Along with the use of foreign trusts this particular technique is responsible for much of the transfer of wealth to the 1% that has occurred over the past couple of decades.  Hide’s failure to mention it suggests that at best he has no idea what he is talking about.

His article reaches a crescendo of stupidity with this passage:

The more our Government taxes [multinationals] the less they will invest and do business in New Zealand.

The only losers are New Zealanders.

Imagine how much investment there would be if their returns were taxed entirely away. Who would be the losers? The multinationals? Or Kiwis?

The demand for multinationals to pay more tax is stupid and counterproductive.

But it’s not going to end. The illusion and deception are here to stay – and the fiction is certainly one that our politicians are anxious to perpetuate.

I am not aware of any proposal to tax a multinational 100% of their profit.  Holy false equivalence.

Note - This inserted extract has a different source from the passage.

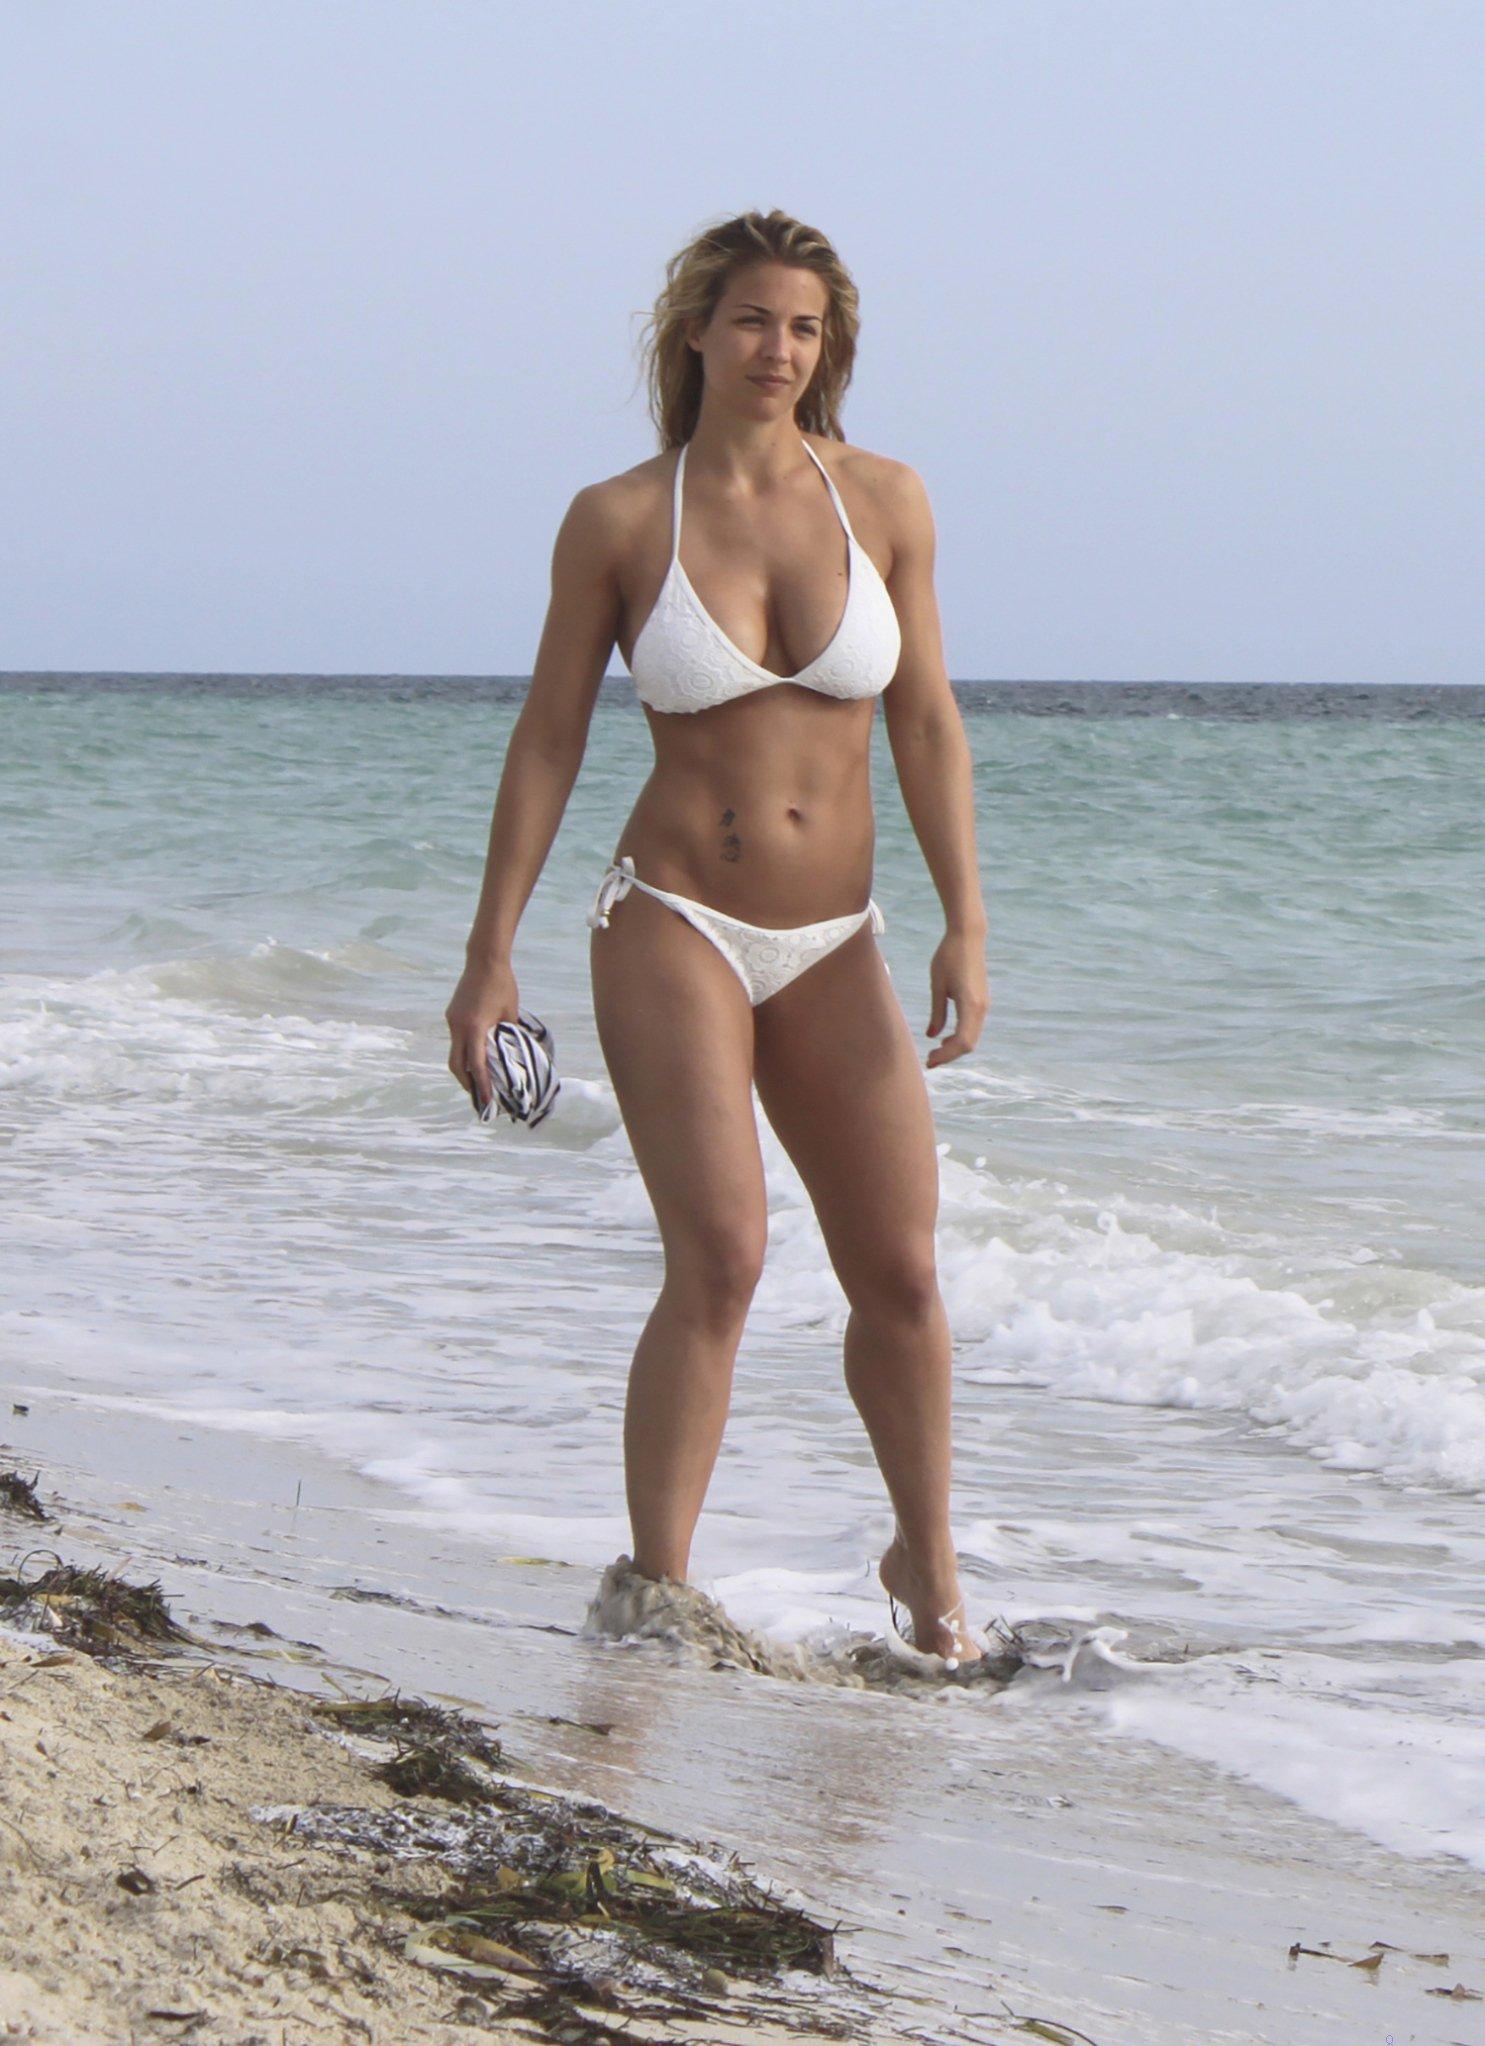 Gemma Atkinson amp Roxanne Pallett Sexy 29 Photos

Admittedly some are that stupid and that opposed to paying their fair share of tax that they will make irrational business decisions just so that they can avoid contributing to the cost of running a country.  But most realise that it is crazy to turn down a perfectly good business proposal because of some inbuilt resistance to sharing the love around by paying some tax on the profit they earn.

The article reminded me of something that George Monbiot wrote a few years ago when the then UK Government proposed to increase corporate taxes.

It’s a bitter blow. When the ­government proposed a windfall tax on bonuses and a 50p top rate of income tax, thousands of bankers and corporate executives promised to leave the country and move to Switzerland. Now we discover that the policy has failed: the number of financiers ­applying for a Swiss work permit fell by 7% last year. The government must try harder to rid this country of its ­antisocial elements.”

If there is a profit to be made you can pretty well guarantee that a multinational will continue to sell its goods in the country.  Even if it has to contribute to the cost of roads, schools, education and social welfare that makes sure that local kiwis can continue to access and afford to buy their goods and services.